Они так и не пришли к общему мнению по поводу того, откуда начинать поиски Пульхерии. Агата предлагала начать с больницы, где работал доктор Глебов, Штольц - с налаживания контактов с местной полицией, Евгений, который, казалось бы, был больше всех заинтересован в скорейшей поимке Пульхерии Ивановны и знал сестру и её самодеятельные возможности лучше всех, вариантов не предлагал, но чужие отвергал за милую душу.
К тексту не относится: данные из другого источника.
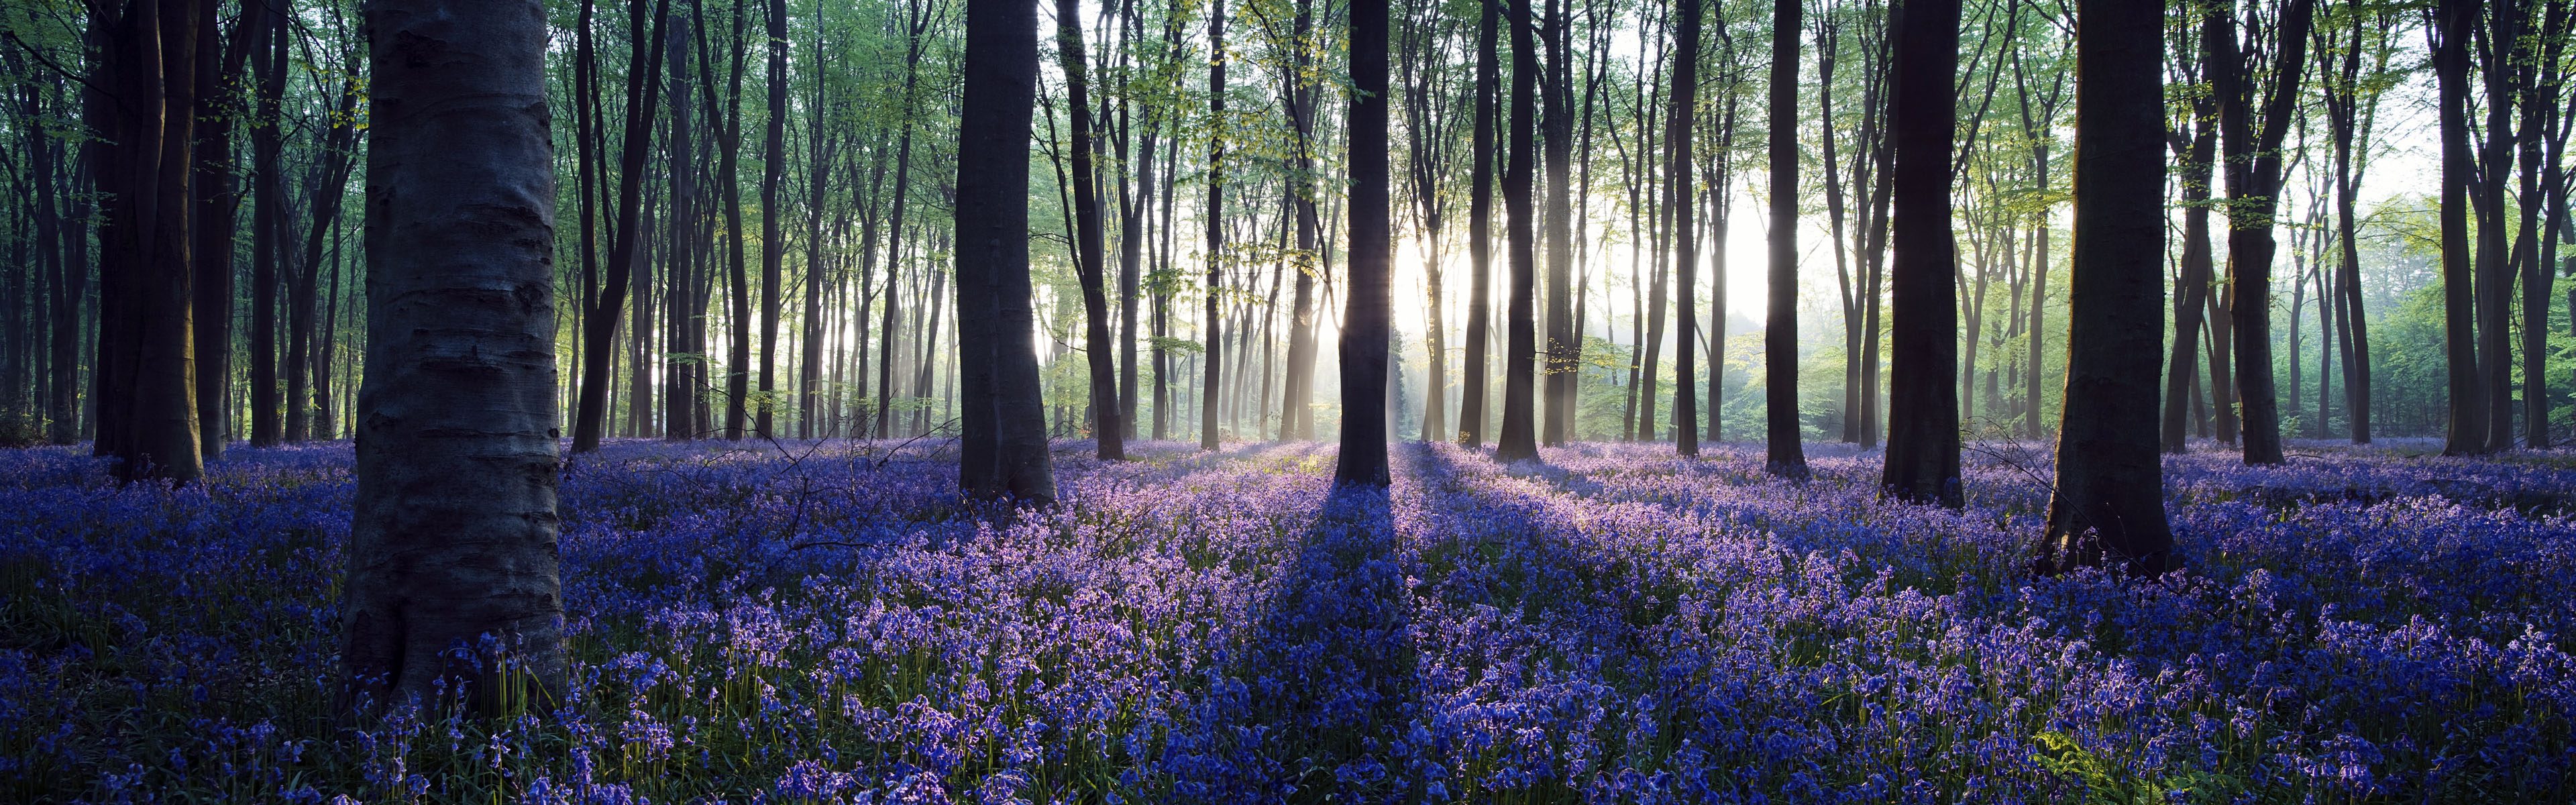 Dawn in bluebell woodland (Hyacinthoides non-scripta), Hampshire, England, U.K.

Все ссоры, споры и прочие недопонимания оказались напрасными - первой, кого они встретили, ступив на платформу Ярославского вокзала, оказалась доктор Скруль, прогуливающаяся вдоль перрона с саквояжем. Эжен, успевший соскучиться, и фонтанирующий восторгом оттого, что, наконец-то, узрел сестрицу, неистово возликовал, распугивая остальных пассажиров, как нервных голубей:
- Вон она! На ловцов и зверь бежит. Пуля! Ду..., иди к нам! - окончание по-свойски ласкового прозвища заглушил гонг дежурного по станции.
Доктор Скруль услышала знакомый до ушного скрежета вопль брата, заметалась, но почему-то, проигнорировав пока ещё гостеприимно распахнутые двери вагона, в беспробудном отчаянии прижала к себе драгоценный саквояж, не желая расставаться с надеждой на избавление от недугов всех несчастных туркестанцев. С ношей в обнимку она добежала до края платформы, проворно, солдатиком, сиганула в невысокий октябрьский сугроб и пустилась бежать в придорожный лесок.
Брат, видно, привыкший к её импульсивности, без раздумий нырнул туда же.
Штольц пристроил на скамейку их немудрящие пожитки, наказал Агате не сходить с этого места, ради него самого и всех тайн вселенной, снял тяжёлое пальто и накинул девушке на плечи. Направился за Эженом, но сделав три шага, вернулся к ней, вынул пистолет из внутреннего кармана, сплющил её губы своими и нос-в-нос напомнил:
- Ни шагу с этого места! - дождался, пока она исключительно искренне кивнёт и степенно, по ступеням спустился вниз с перрона.
Агата поднесла кулачок к губам, ещё хранящим тепло Порфирия, подышала в него и осторожно, словно хрупкого птенчика, принялась баюкать.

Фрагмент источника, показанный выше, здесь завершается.